Question

Show that the function \( f(x) = \sin x + \cos x \) is strictly decreasing in the interval \( \left( \frac{\pi}{4}, \frac{5\pi}{4} \right) \).

Hint:

To determine where a function is increasing or decreasing, compute the first derivative and analyze its sign.
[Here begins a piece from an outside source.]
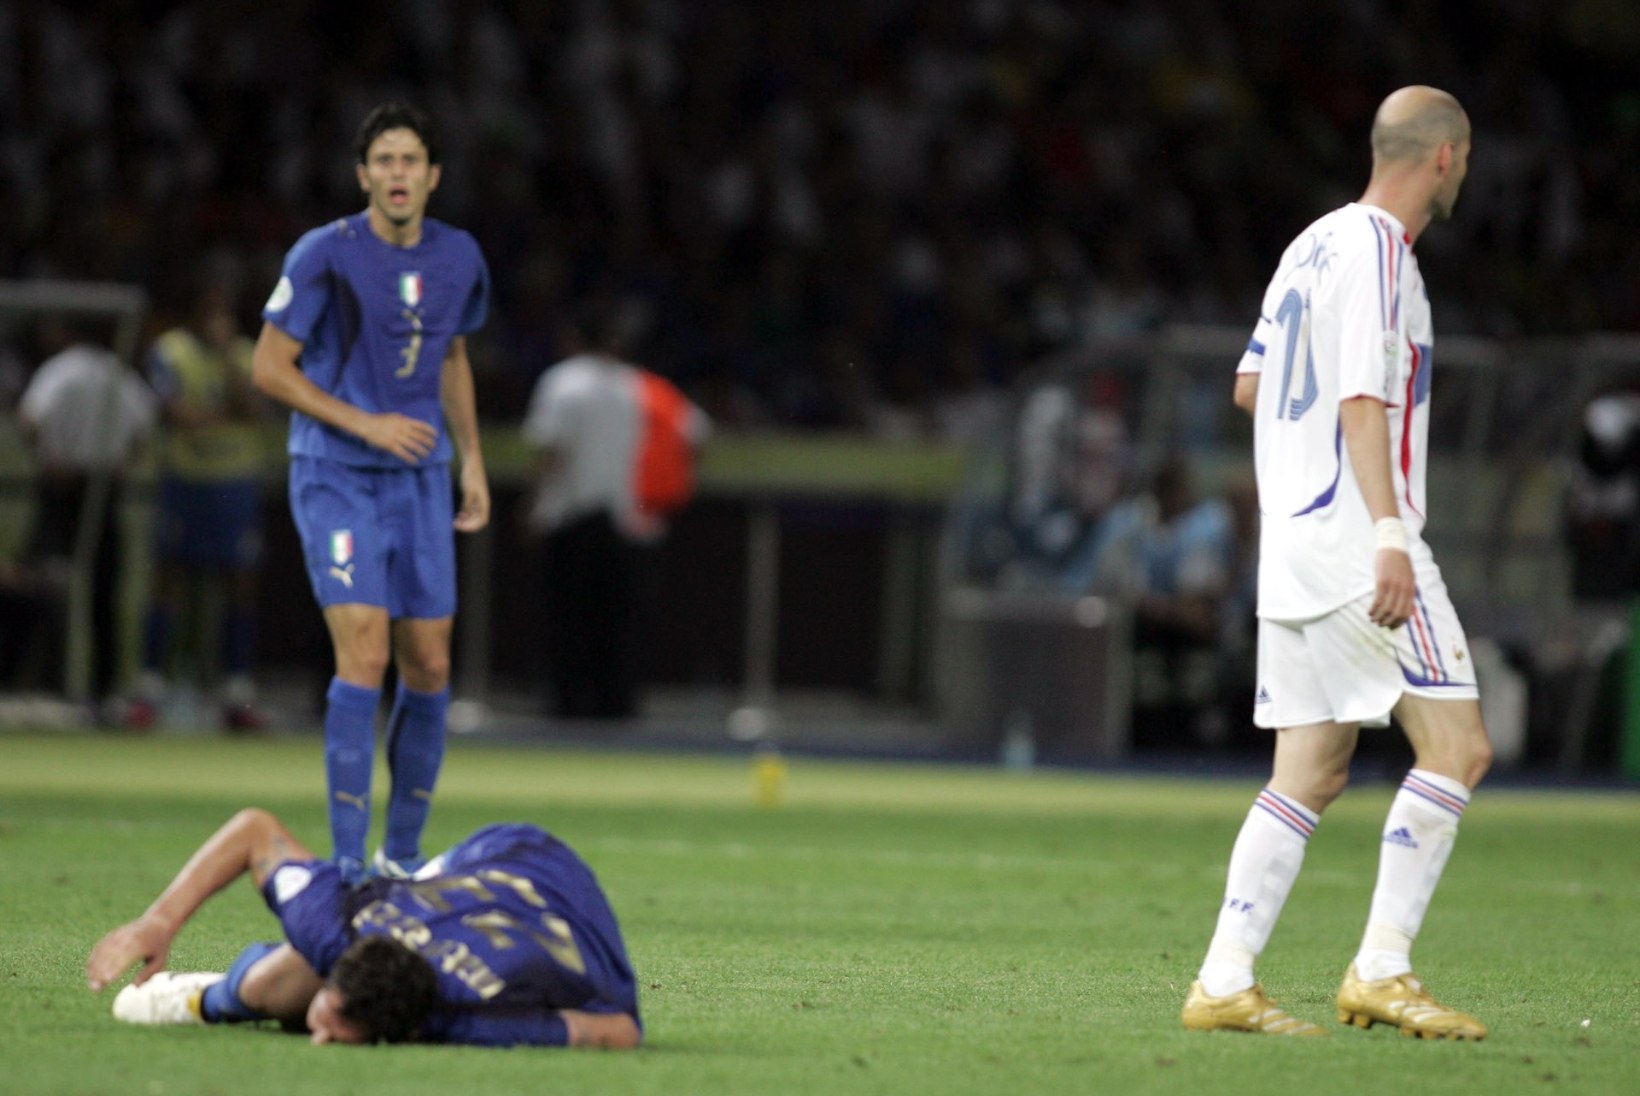 RETROGALERII | Meenuta, kuidas Prantsusmaa viimati finaalis mängides kaotas ja Zidane punase sai

If the derivative is negative, the function is decreasing.

Answer 1

We are given the function \( f(x) = \sin x + \cos x \). 
To show that the function is strictly decreasing in the interval \( \left( \frac{\pi}{4}, \frac{5\pi}{4} \right) \), we first need to compute the derivative of \( f(x) \). 
Step 1: Find the derivative of \( f(x) \)
The derivative of \( f(x) = \sin x + \cos x \) is: \[ f'(x) = \cos x - \sin x \] 
Step 2: Solve for critical points by setting \( f'(x) = 0 \)
To find the critical points, solve the equation \( f'(x) = 0 \): \[ \cos x - \sin x = 0 \] \[ \cos x = \sin x \] 
This happens when: \[ x = \frac{\pi}{4}, \quad x = \frac{5\pi}{4} \] 
Step 3: Determine the sign of \( f'(x) \) in the interval \( \left( \frac{\pi}{4}, \frac{5\pi}{4} \right) \)
Now, examine the sign of \( f'(x) = \cos x - \sin x \) in the interval \( \left( \frac{\pi}{4}, \frac{5\pi}{4} \right) \). 
- For \( x \in \left( \frac{\pi}{4}, \frac{5\pi}{4} \right) \), we know that \( \cos x < \sin x \), so \( f'(x) < 0 \). 
Since \( f'(x) < 0 \) in this interval, the function is strictly decreasing. 
Thus, we have shown that \( f(x) \) is strictly decreasing in the interval \( \left( \frac{\pi}{4}, \frac{5\pi}{4} \right) \).